Re: git: a1097094c4c5 - main - newvers: Set explicit git revision length

From: Brooks Davis <brooks_at_freebsd.org>
Date: Thu, 19 Dec 2024 18:45:41 UTC
On Thu, Dec 19, 2024 at 10:03:05AM -0500, John Baldwin wrote:
> On 12/18/24 12:12, Gleb Smirnoff wrote:
> > On Wed, Dec 18, 2024 at 10:22:24AM -0500, Ed Maste wrote:
> > E> That said, it doesn't matter what Git's algorithm chooses as the short
> > E> hash length; specifying --short bypasses that algorithm. `git
> > E> rev-parse --verify --short=12 HEAD` will give us a 12-character short
> > E> hash as long as that hash is unique. The reproducibility concern is
> > E> thus: what is the probability that the 12-character short hash is
> > E> unique at the time and in a repo from which an image is built, but is
> > E> not unique for the attempt to reproduce it, or vice-versa. This
> > E> probability is rather small.
> > E>
> > E> If you look at arbitrary commits 6 or 7 characters are usually
> > E> sufficient for a unique hash today. For instance, some latest -pX from
> > E> recent releng/ branches:
> > E>
> > E> 13.3: 72aa3d
> > E> 13.4: 3f40d5
> > E> 14.0: f10e32
> > E> 14.1: 74b6c98
> > E> 14.2: c8918d6
> > E>
> > E> The status quo of --short=12 should be fine for quite some time.
> > 
> > AFAIU John's concern is that you can't guarantee a reproducible build from a
> > "dirty" repository.  A repository that has more branches than just the official
> > ones.  I just make a quick check on Netflix repo, that has both the current
> > FreeBSD history and the before-the-official-git history together, as well as
> > splitted ports subdirectories and of course our own stuff.  For short hashes
> > there are roughly 2x more ambiguities than for a "clean" repo.  Apparently
> > chance of collision on a long hash is also doubled.
> > 
> > We can of course say that we don't provide reproducible builds from a "dirty"
> > repo.  But would be a real limitation.  That would cancel a legitimate
> > scenario:
> > 
> > git subtree add FreeBSD && cd FreeBSD && make a reproducible build
> 
> In particular, the dirty repository scenario I imagine is FreeBSD's official
> repository at some point in the future.  A question though is how far in the
> future would it have to be to matter.  If we would need 100+ years at our
> current commit rate to matter, then this is probably moot.  The other point
> I guess is that how many other user git settings can affect the build?  Should
> we not require an empty global git config as a prereq for someone who wants a
> reproducible build (and use the same setup for our official builds) and say
> that if you adjust your user config to impact the build that's kind of your
> problem?

I'm not super concerned about rollover here.  If it becomes an issue,
and someone wants to reproduce the build in the future (e.g., a decade
from now) they can always produce a custom repo with future history
removed to avoid having git add extra digits.  IMO that's going to be
the least of their problems given they will need to bootstrap the
correct LLVM in order to make sure binaries are the same.

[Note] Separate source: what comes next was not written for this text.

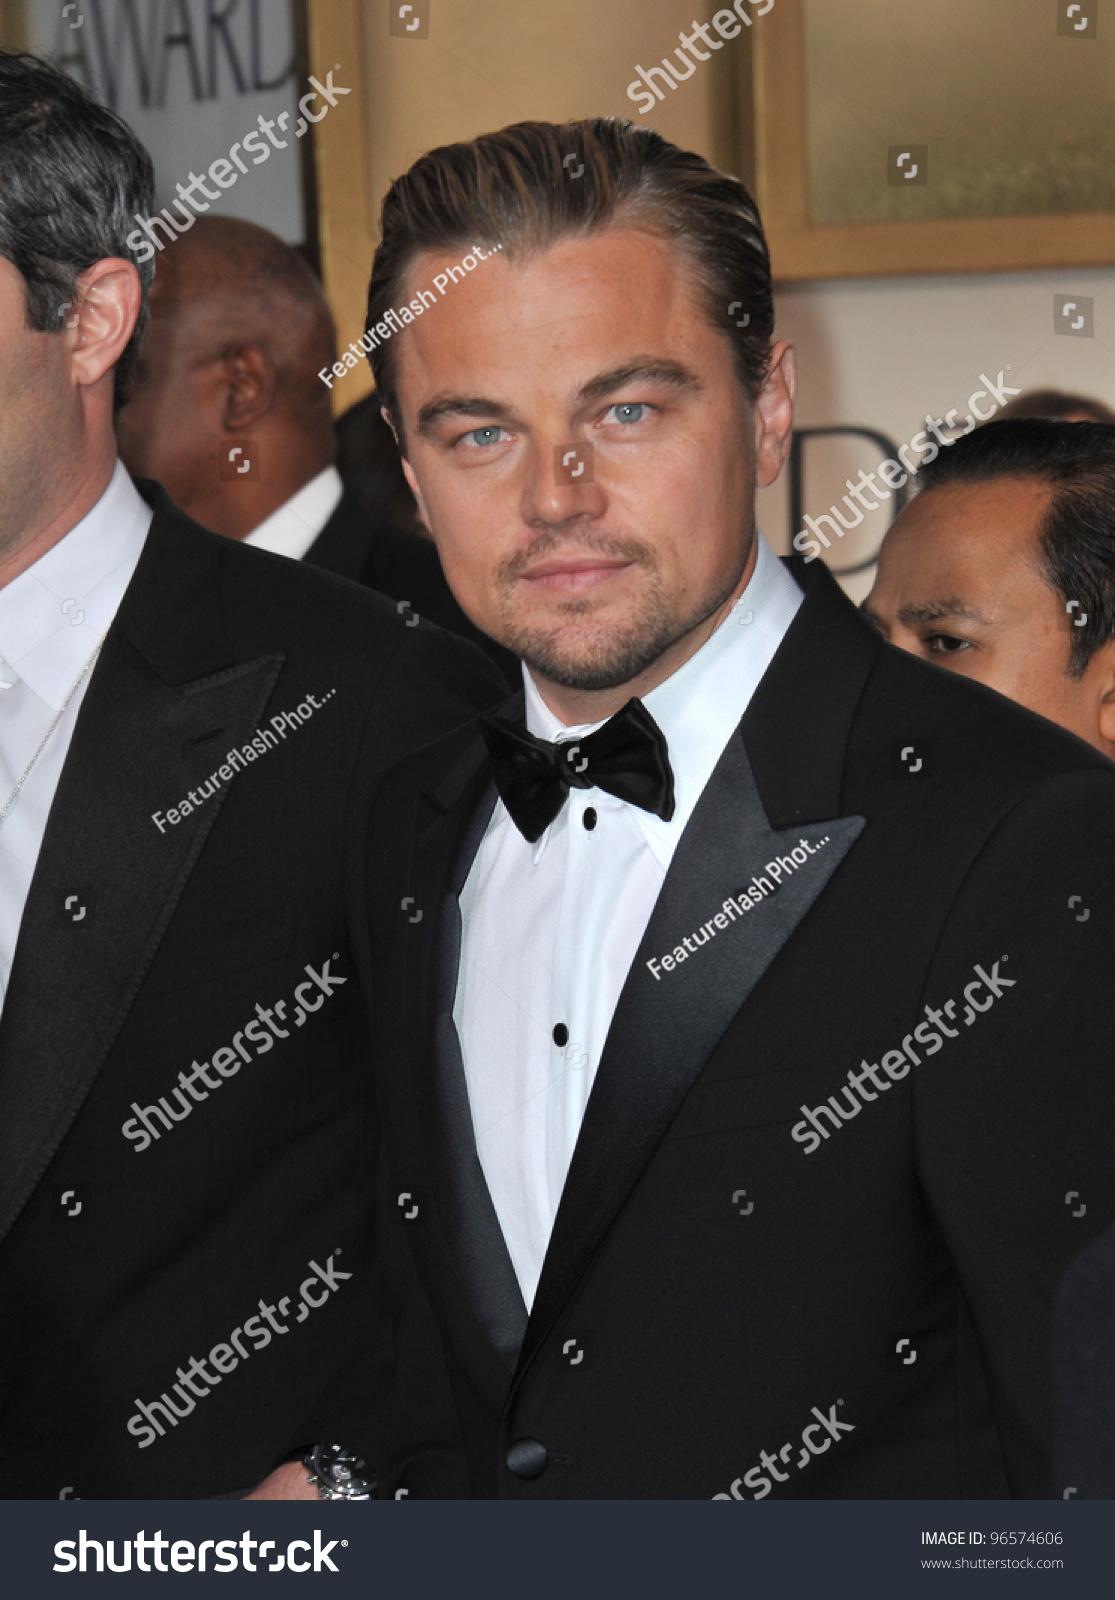 Leonardo Dicaprio At The 69th Golden Globe Awards Beverly Hilton Hotel January 15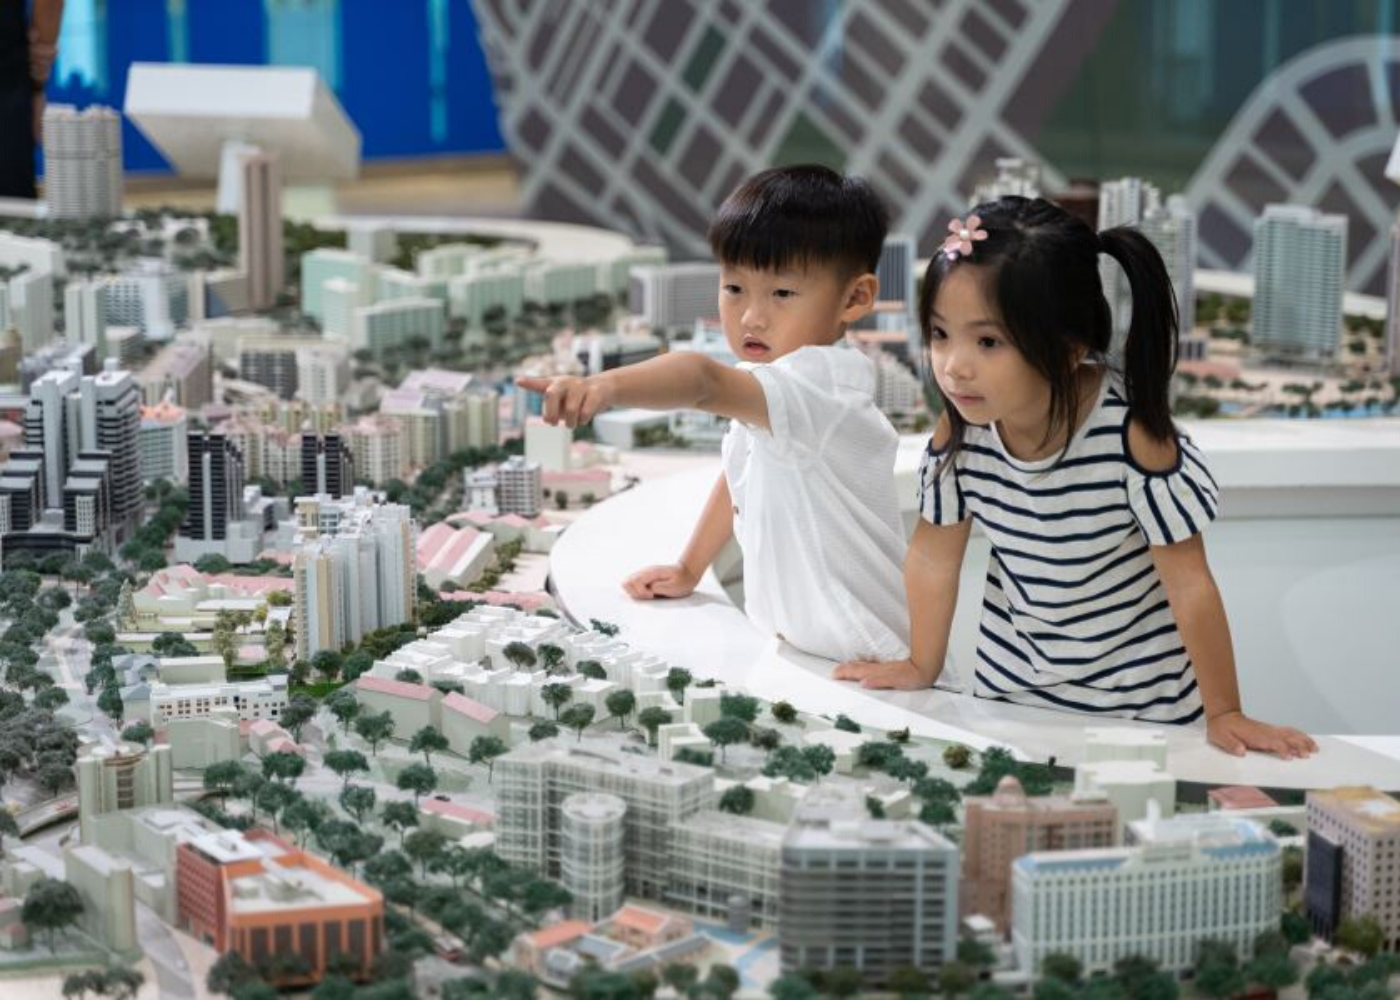 Singapore City Gallery, Urban Redevelopment Authority

For FreeBSD itself, I think we're a very long way away.  FreeBSD main
from about a week ago has 296268 commits per `git rev-list --count HEAD`
and CheriBSD has more than twice as many at 662027[0] (more than LLVM's
521761).  All default to 12 digits for short.  If we wanted to add some
margin going to 13 should last until SHA1 is completely untenable as a
hash.

-- Brooks

[0] For those following along, this has two causes: 1) we have both the
current history and uqs's git export history in our history, 2) We merge
each upstream commit individually so we've added a merge commit for each
first-parent commit to src/main since 2015.